Overall, since May 2022 when the Labor Government took over from the Coalition, highlights associated with responsible fiscal management according to the Treasurer include:
- Improved cumulative underlying cash balance by an estimated $215 billion, reducing cumulative deficits by around two-thirds over the six years to 2027-28,
- Returned 82 per cent of tax upgrades to the Budget over the forward estimates, including 96 per cent in this Budget (2023-24),
- Found $77.4 billion in savings and re-prioritisations,
- Limited real spending to an estimated average of 1.4 per cent until 2027-28, compared to the 30-year average of 3.2 per cent and the 4.1 per cent average,
- Lowered the projected peak in gross debt as a share of GDP from 44.9 per cent of GDP to 35.2 per cent of GDP (lowering the peak by almost 10 percentage points of GDP),
- Side-stepped approx. $80 billion in interest payments over the medium-term due to the improvements to the Budget position.
Inflation remains the primary challenge of the Budget in the near-term, but the Government has managed to pull off cost-of-living respite and fund-measured investments to prop up some medium to long-term economic growth without adding to the inflationary pressures.

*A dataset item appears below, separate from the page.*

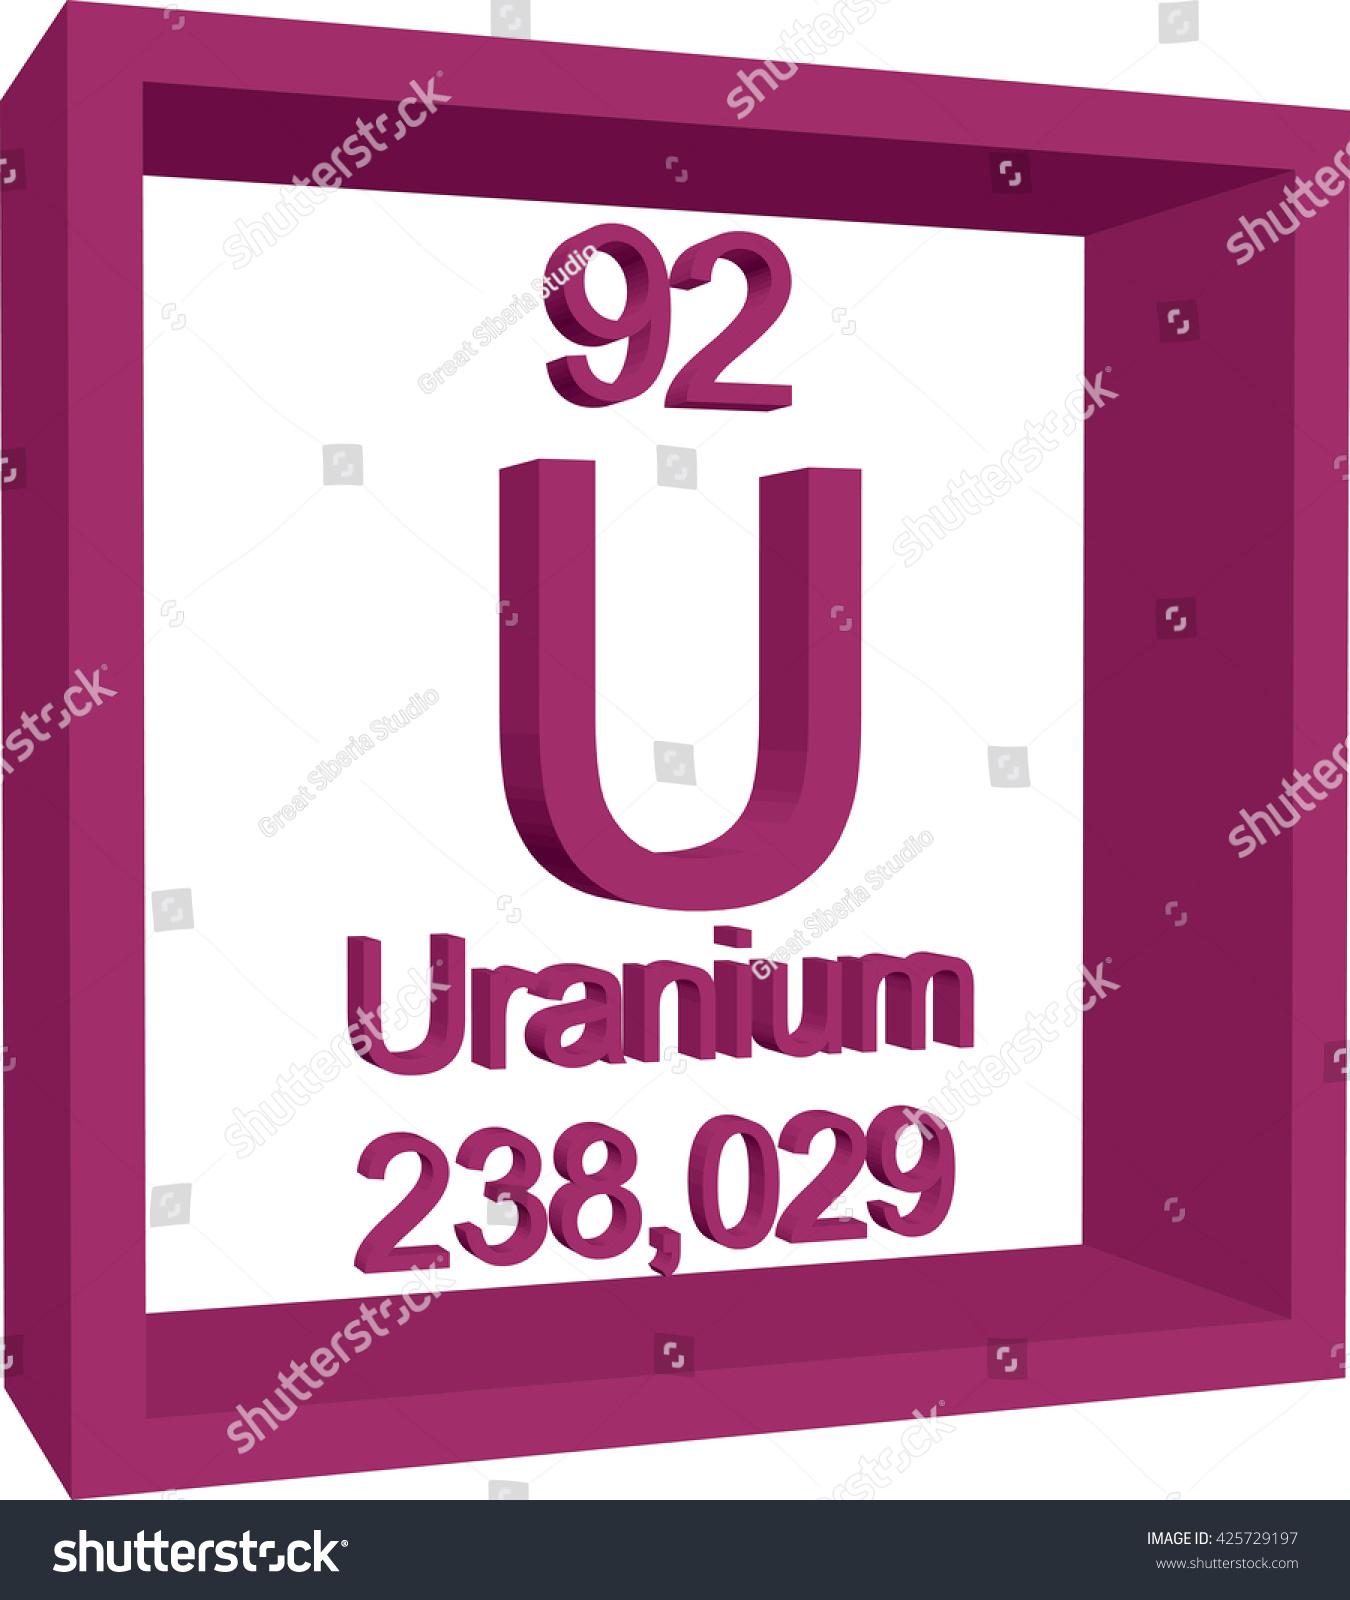 U element periodic table gallery periodic table images uranium symbol periodic table image collections periodic table uranium on the periodic table image collections periodic gamestrikefo Choice Image

Various measures such as tax cuts, cheaper medicines, the backdated student debt waiver, rent assistance, energy bill relief, new housing and infrastructure spending, the Future Made in Australia and Care Economy packages, and more are going to help the Budget achieve this over the forward estimates and beyond.
The Government expects that higher wages, projected moderation in inflation, ongoing employment growth and the Government's cost-of-living tax cuts would support real household disposable incomes and a recovery in household consumption.
Next financial year however the Treasurer expects a deficit of $28.3 billion (1 per cent of GDP), driven mainly by the Government's cost-of-living relief measures and addressing 'unavoidable spending including terminating health funding and frontline services'. Treasury expects that the underlying cash balance over the six years to 2027-28 however would be stronger in every year compared to PEFO and improve by a cumulative $214.7 billion.